[Dataset extract Boundary: Start]

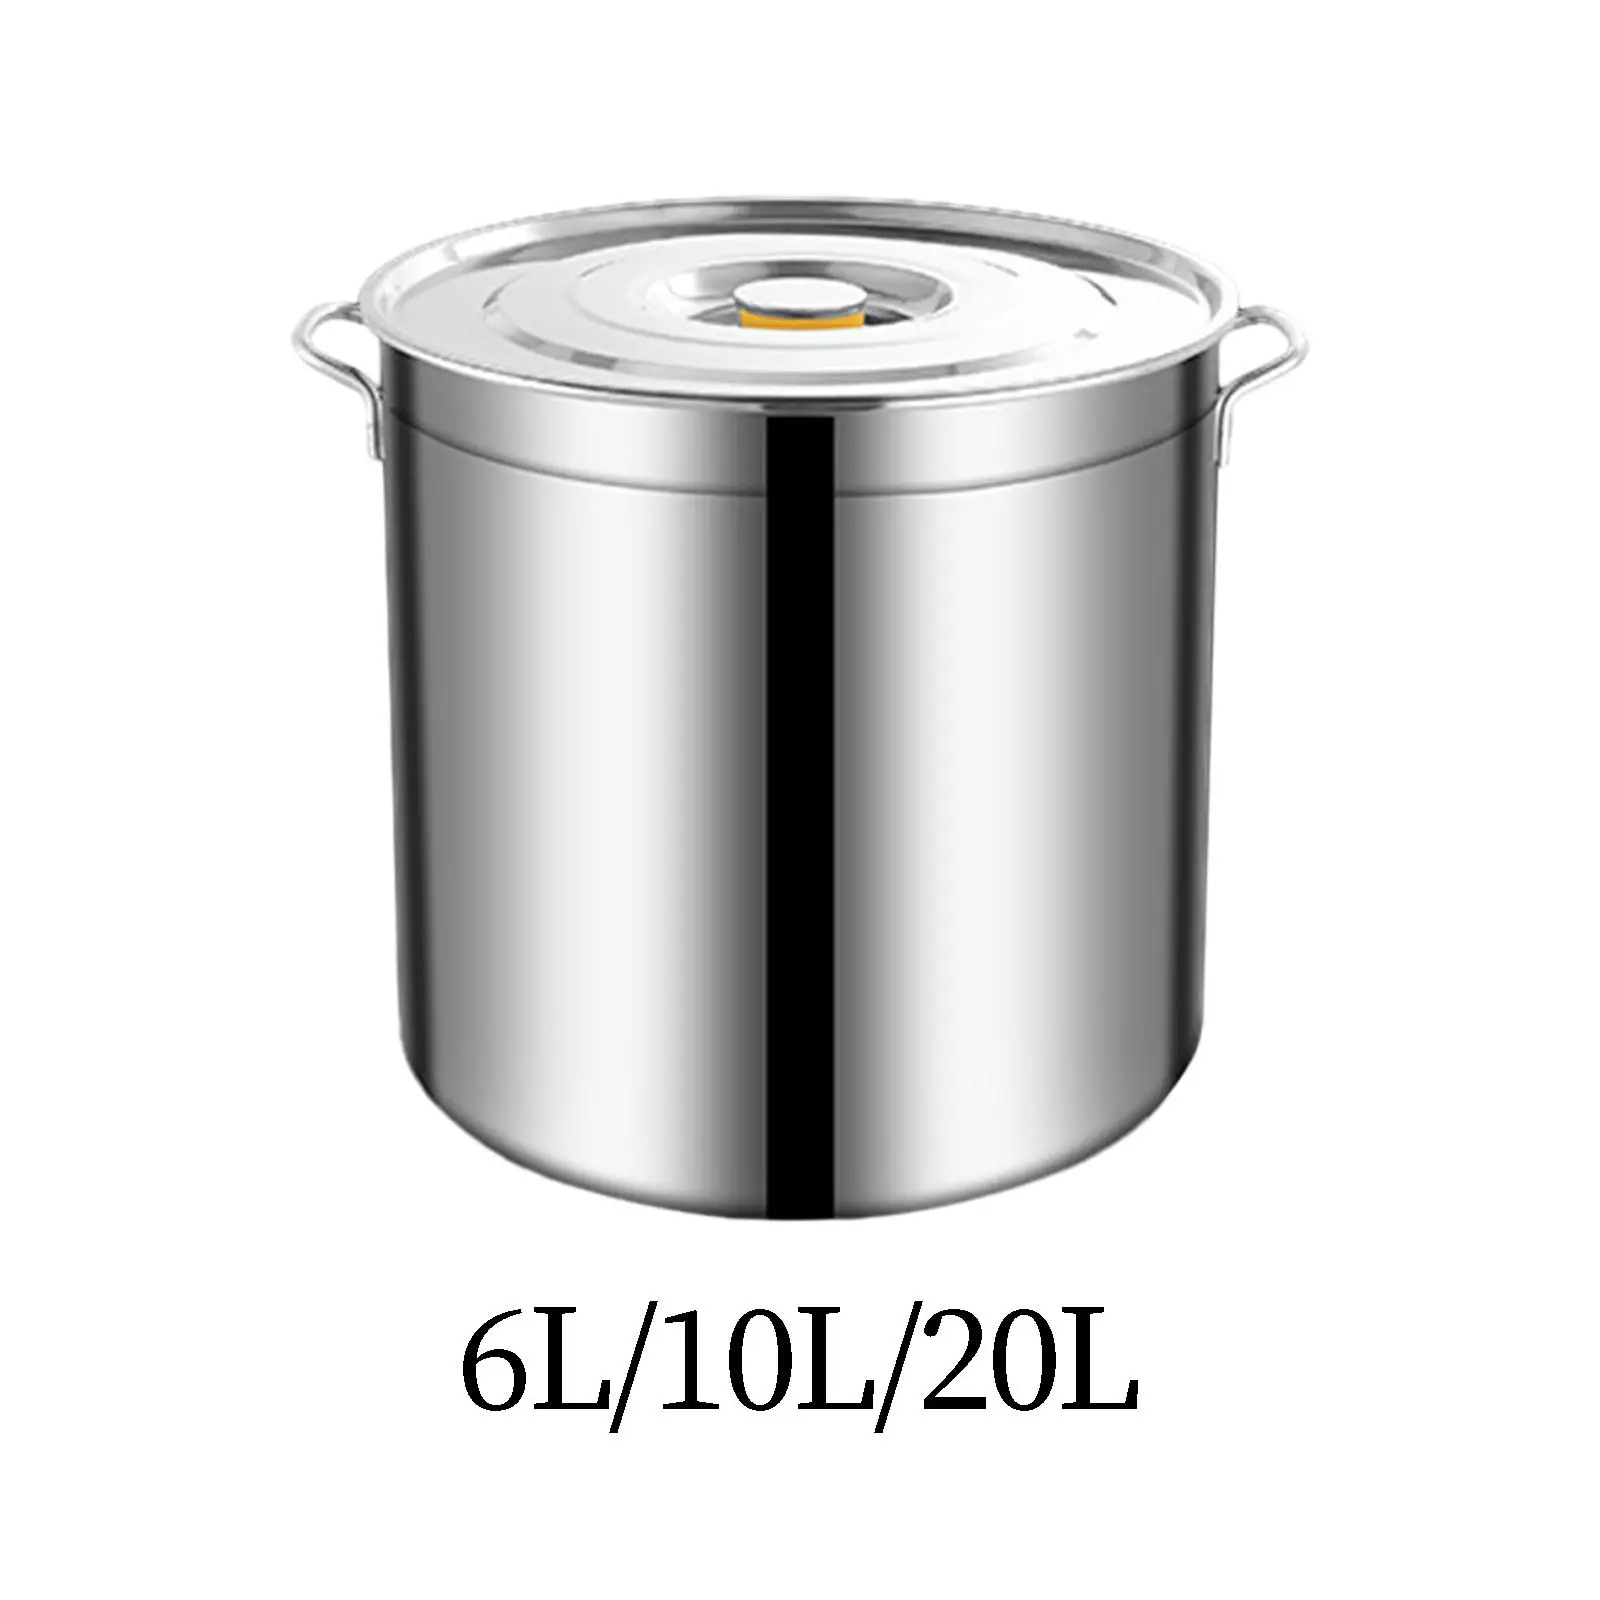 Stainless Steel Stockpot Easy to Clean Oil Bucket Canning Pasta Pot with Lid Tall Cooking Pot for Household Commercial Canteens
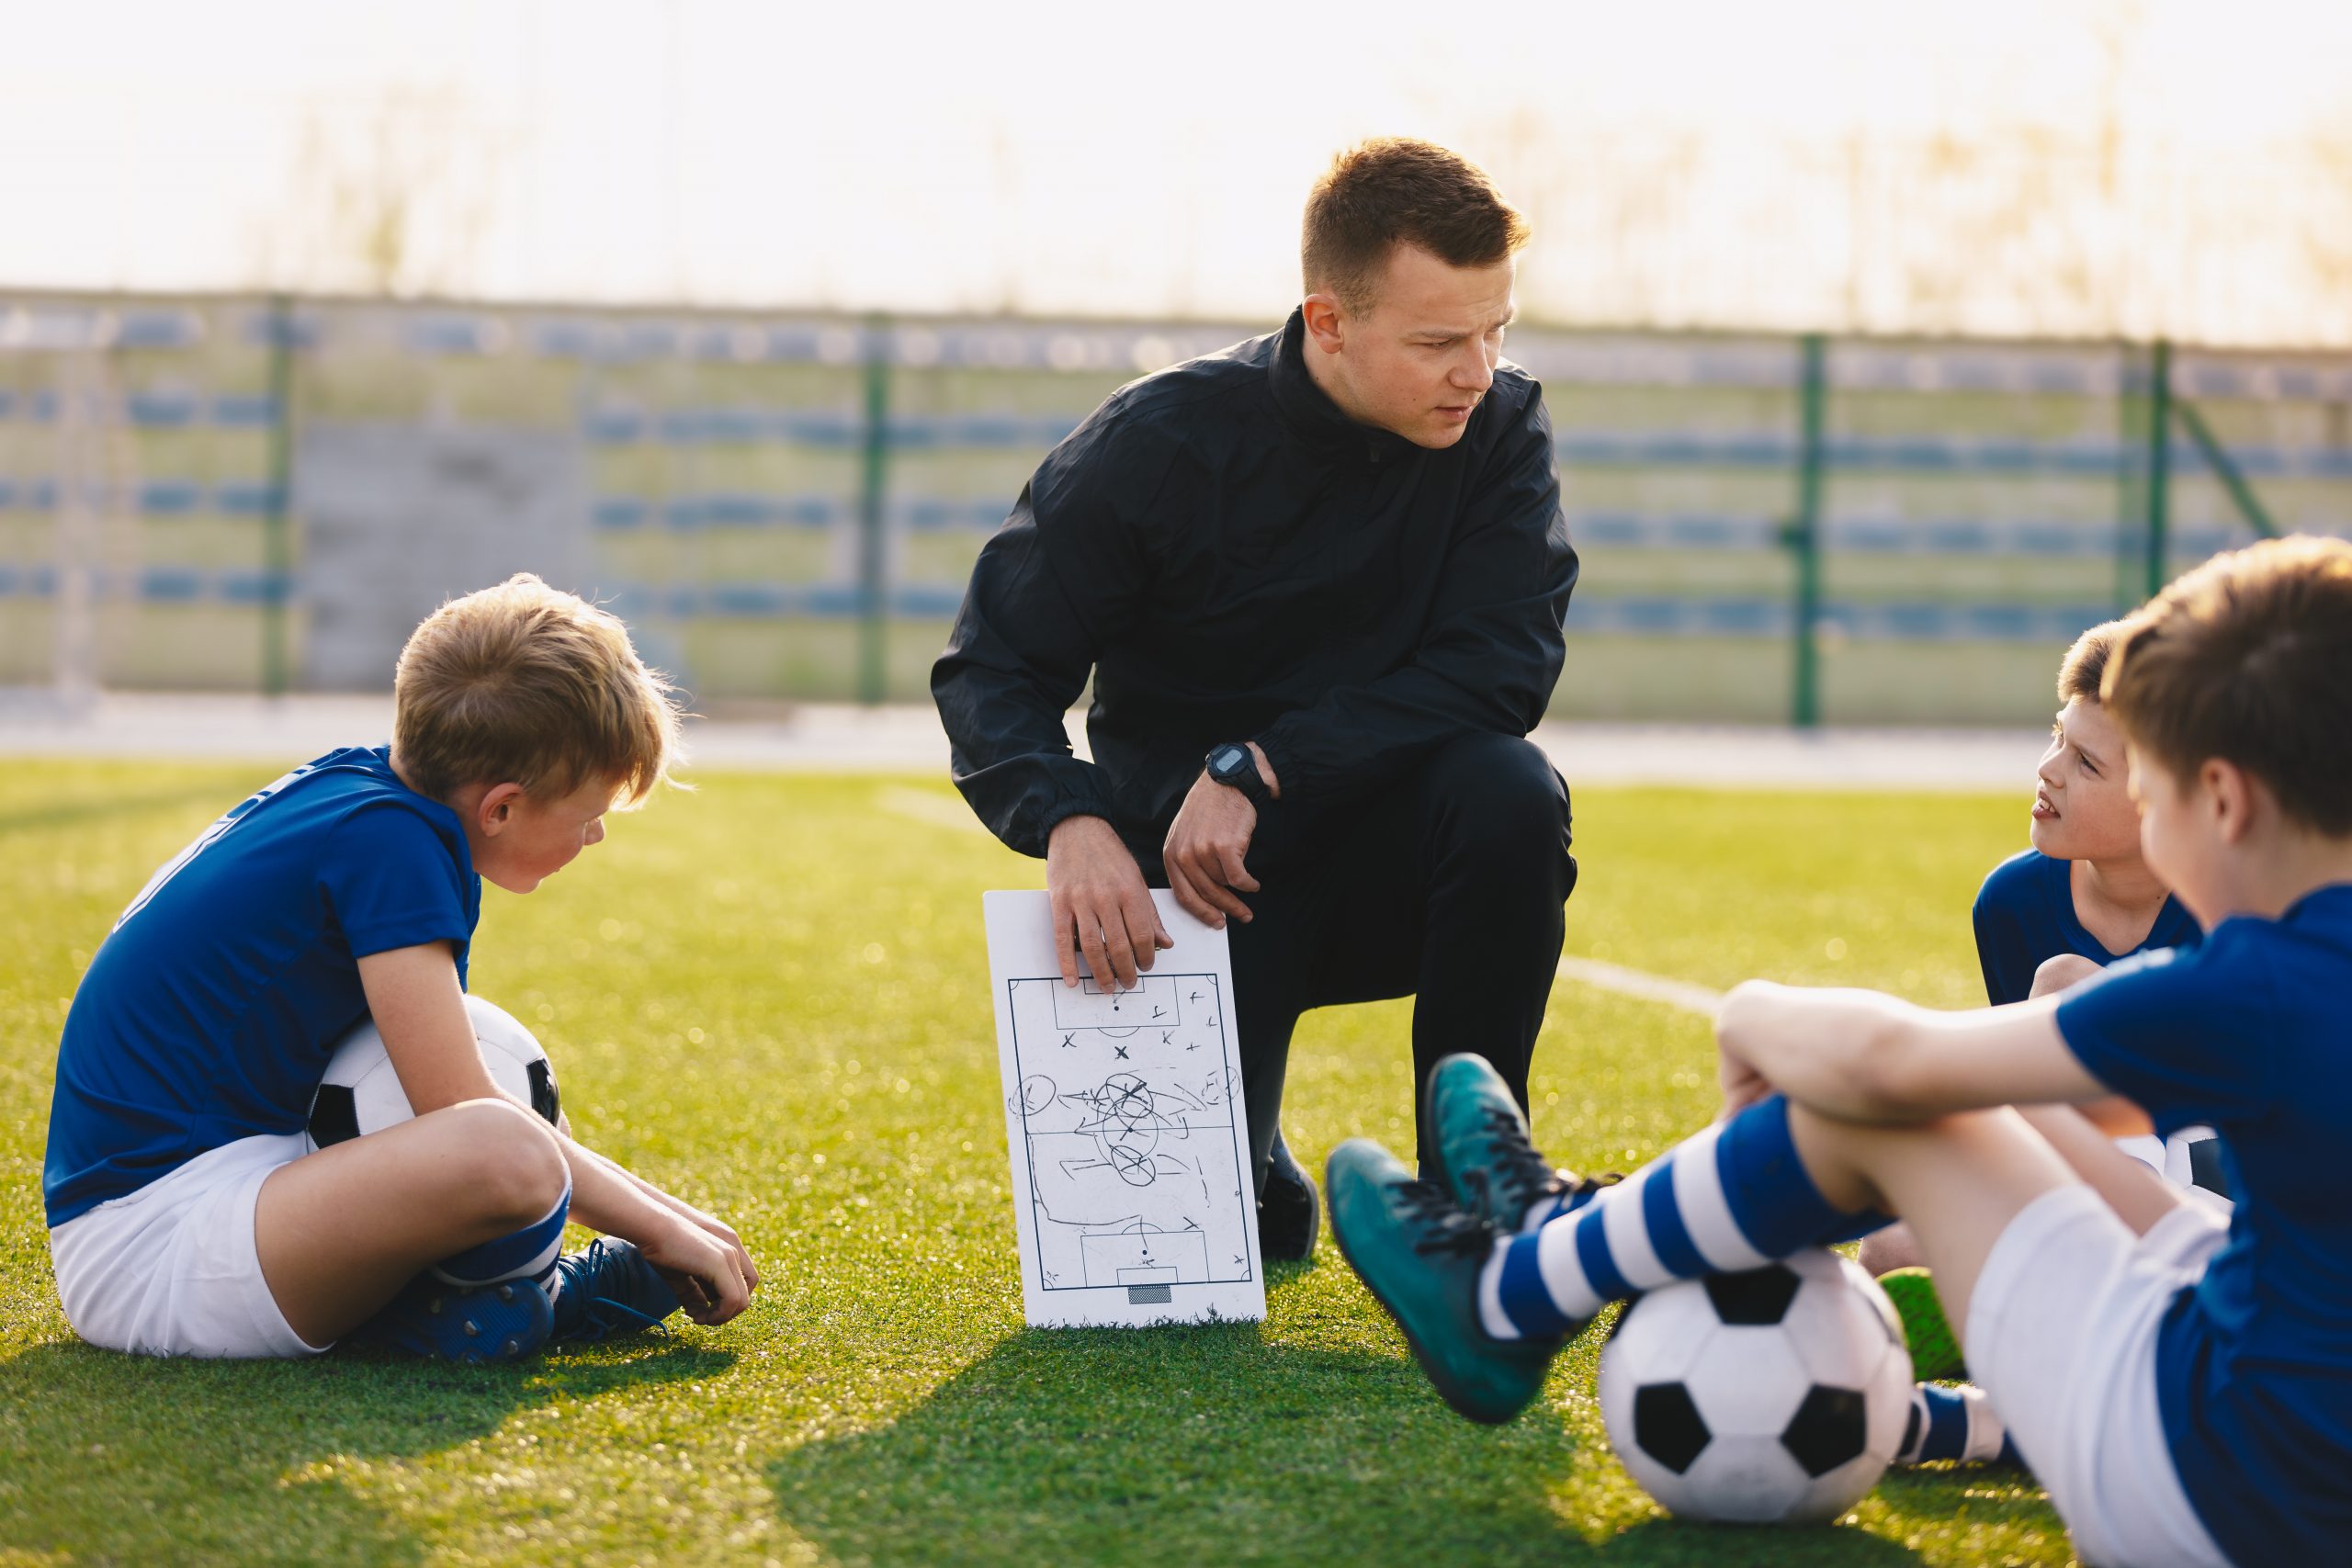 Football coach coaching children. Soccer football training session for children. Young coach teaching kids on football field. Football tactic education. Coach explains the strategy of the game
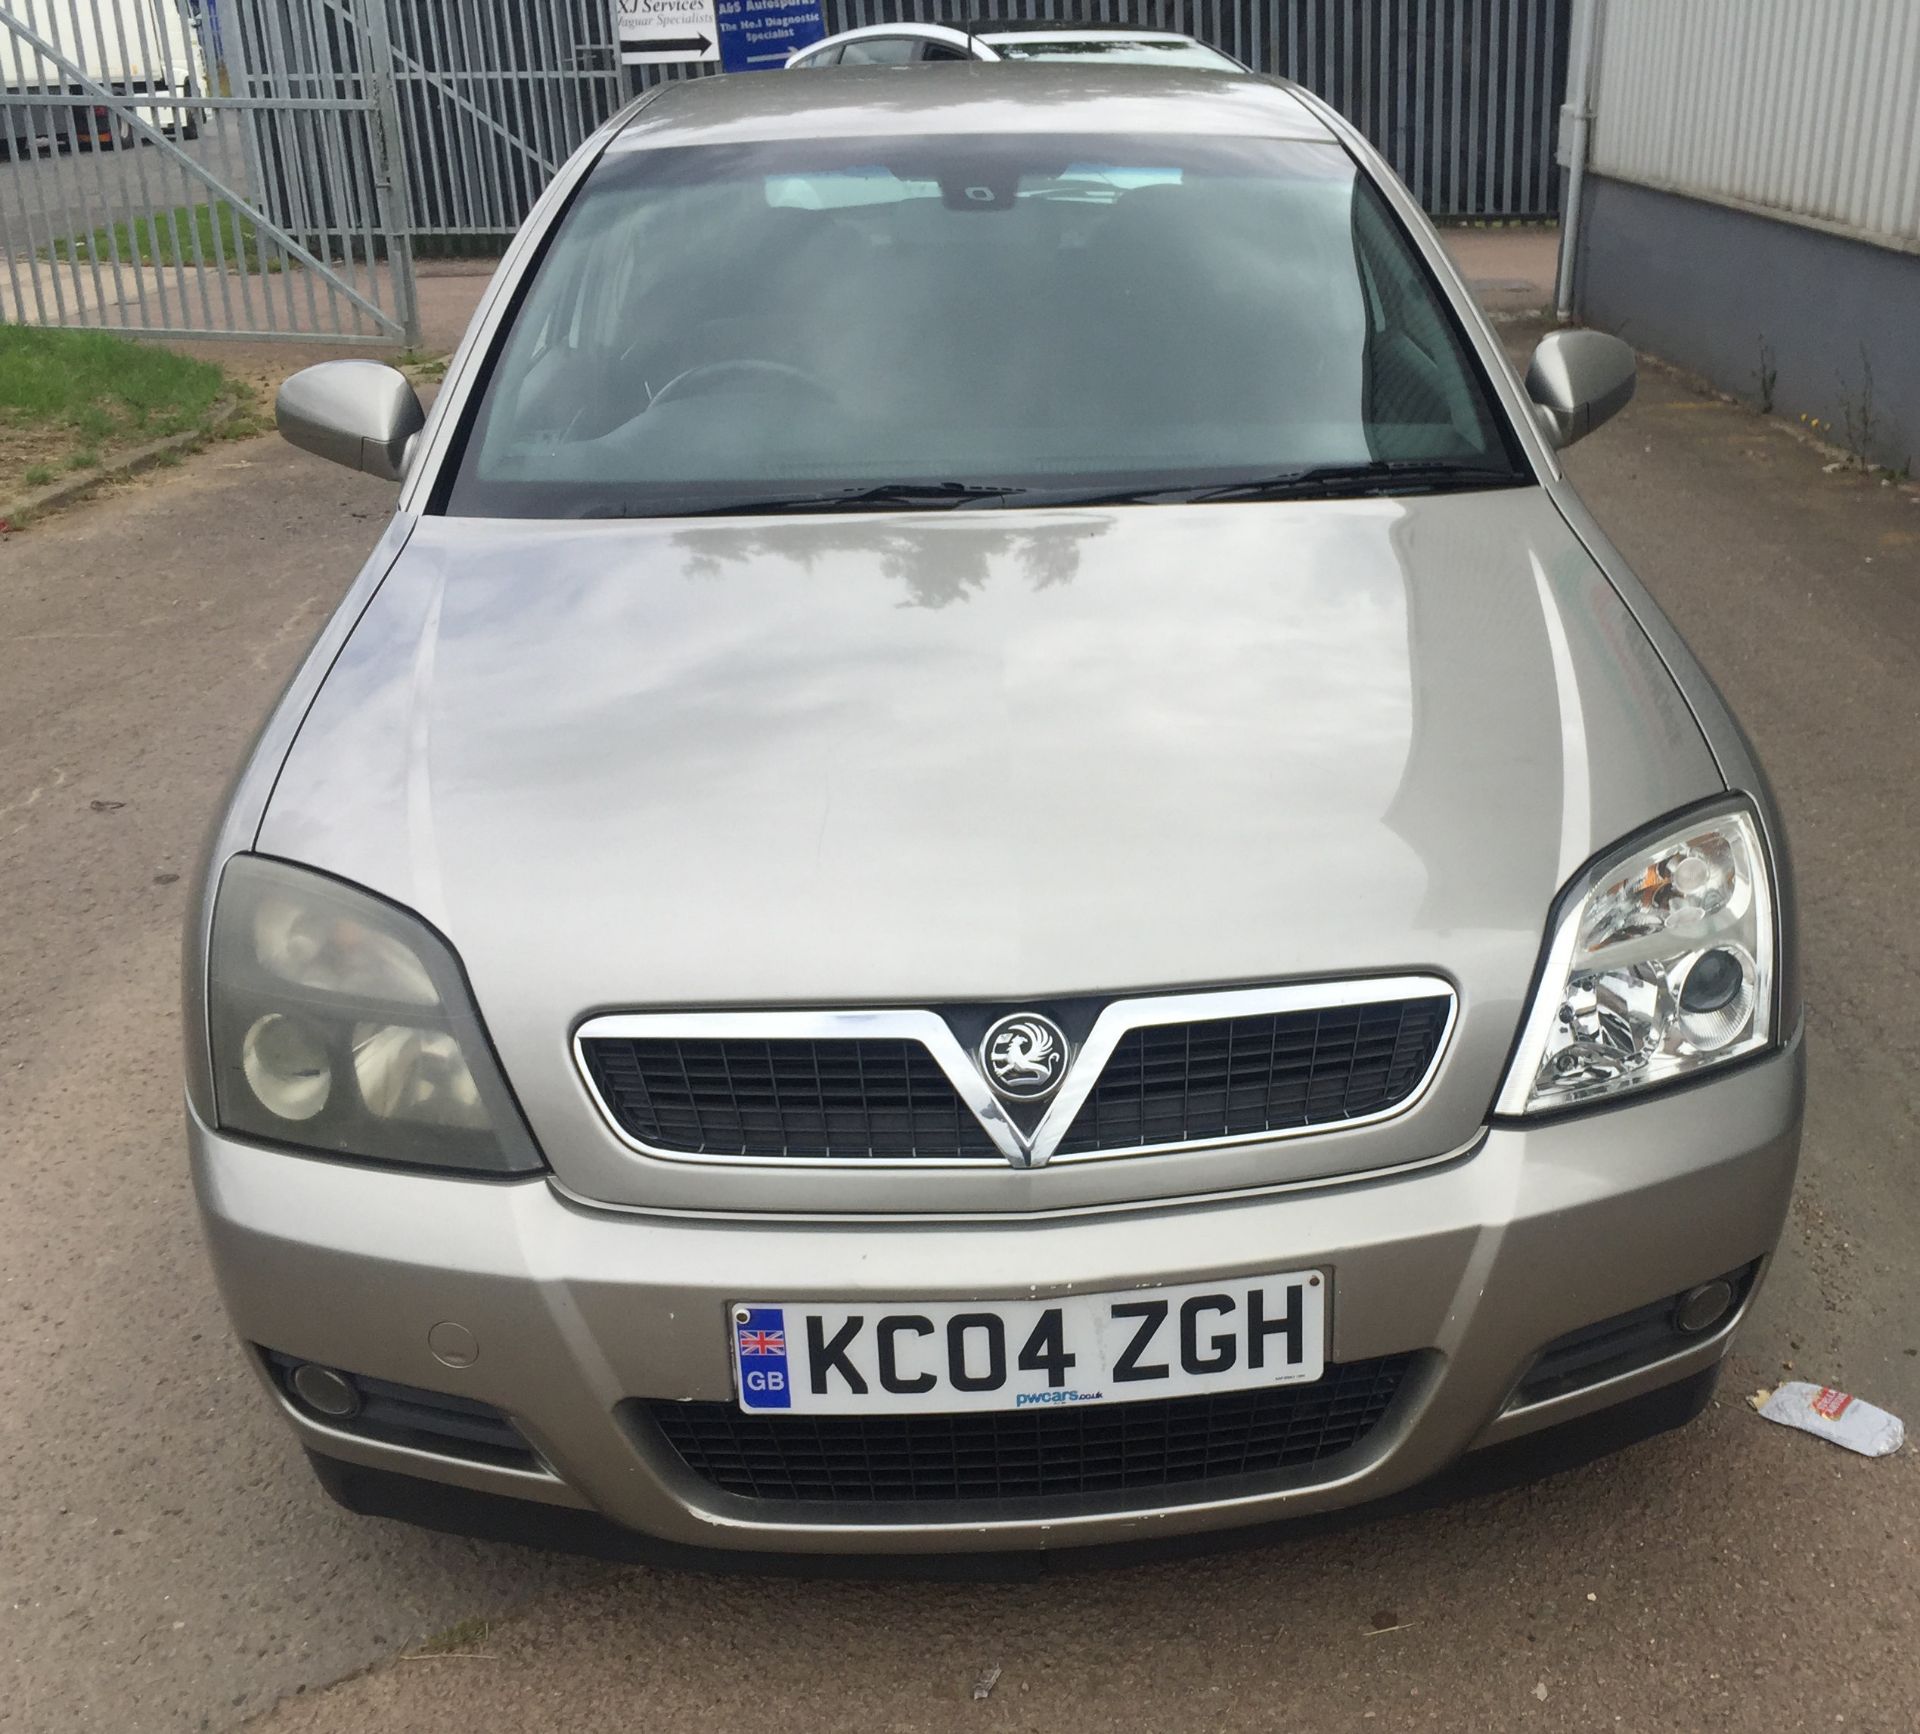 2004 Vauxhall Vectra 2.2 Sri Automatic 4 Dr Saloon - CL505 - NO VAT ON THE HAMMER - Location: Corby, - Image 2 of 7

[Dataset extract Boundary: End]

• **What you will do**: Transcribe the data completely. No pictures should appear in the transcription.

• **Reply**:
 Stainless Steel Stockpot Easy to Clean Oil Bucket Canning Pasta Pot with Lid Tall Cooking Pot for Household Commercial Canteens
 Football coach coaching children. Soccer football training session for children. Young coach teaching kids on football field. Football tactic education. Coach explains the strategy of the game
 2004 Vauxhall Vectra 2.2 Sri Automatic 4 Dr Saloon - CL505 - NO VAT ON THE HAMMER - Location: Corby, - Image 2 of 7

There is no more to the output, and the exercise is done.